May 07, 2024

Teach Not Fear, But Self-Esteem


Teach Not Fear, But Self-Esteem
A kid holding a Transgender pride flag. Esquerda.net, Wikimedia Commons

Julia, a trans woman, lives in St. Petersburg with her wife and two daughters. But recently the Russian government’s crackdown on LGBT people has hit home, as Julia had to pull her kids from school after receiving threats from the principal for being transgender. 

Julia, whose real name has been withheld, describes herself as a “forced non-binary person.” She has done over 20 years of hormone therapy. Her breasts have grown, but she says she does not look “100% feminine” or masculine. Julia uses both masculine and feminine pronouns. In 2020, she received permission to undergo gender-affirming surgery, but it could not be completed due to unrelated health complications. It takes her at least two hours for her to get ready in the morning and achieve a feminine appearance. And with small kids, this is even more difficult.

Julia had to rebuild many relationships after coming out as transgender. Her boss at an IT firm admitted to her that, before she worked there, he was a homophobe and transphobe. But meeting Julia changed him. Colleagues whose children came out as trans go to Julia for advice.

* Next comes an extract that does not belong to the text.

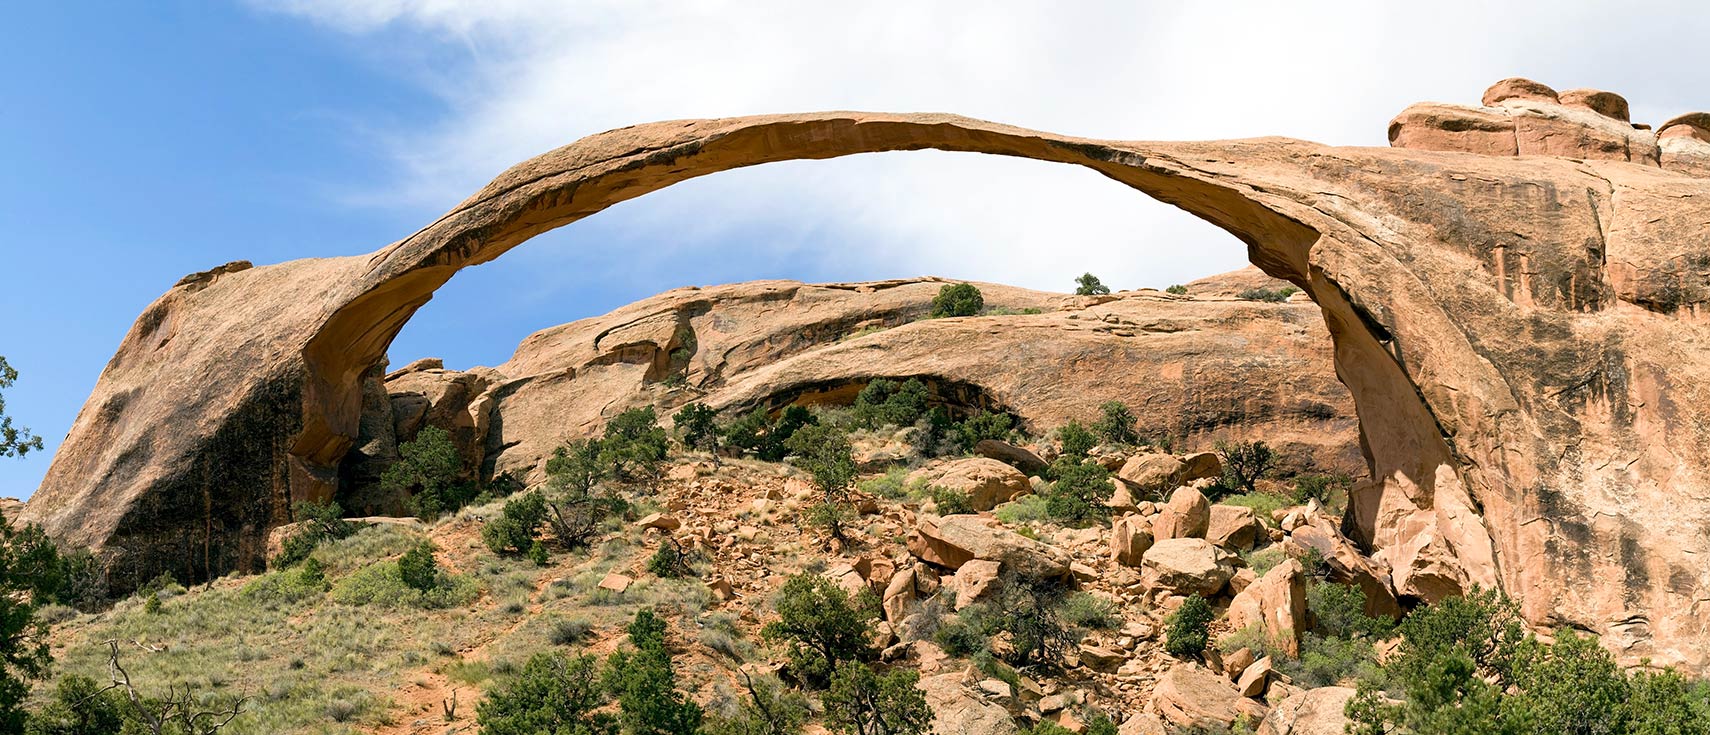 Landscape Arch in the Arches National Park in Utah
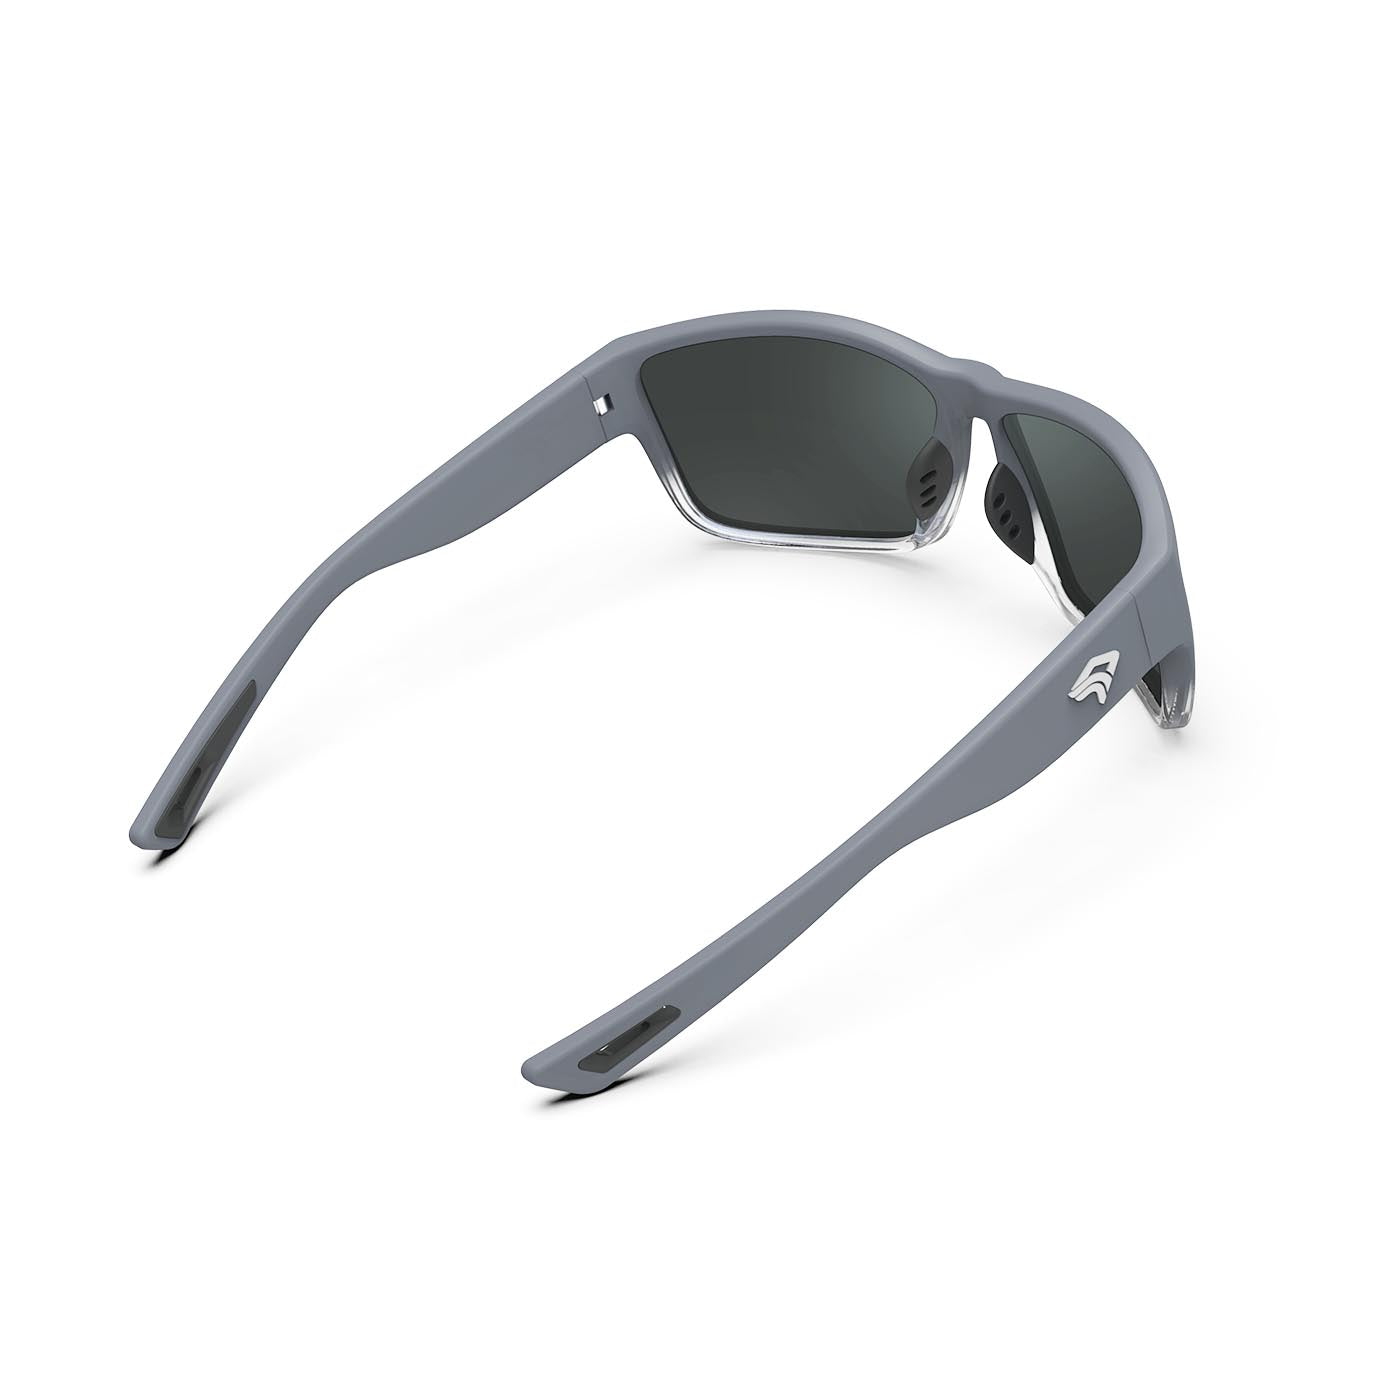 Torege 'Pure' Polarized Sports Sunglasses with Lifetime Warranty - Flexible Frame for Men and Women - Ideal for Cycling, Running, Golf, and Fishing

At first, it was hard for her wife to accept that her partner was trans. Four years after coming out, the couple went out together to the theater, fully embracing Julia as a trans woman. However, recent legislation declaring LGBT persons as extremists has put the pair on edge, as the possibility of them being attacked or losing their jobs has increased.

In March, Julia took her youngest daughter to school, where her wife also worked, as she would do from time to time. A teacher saw the young girl with a person with a beard, make-up, and painted nails and began interrogating the student. The kid explained to her teacher that that was her dad. The teacher said, "Dad shouldn't look like mom!" The girl responded, "Dad can look like mom but still remain dad."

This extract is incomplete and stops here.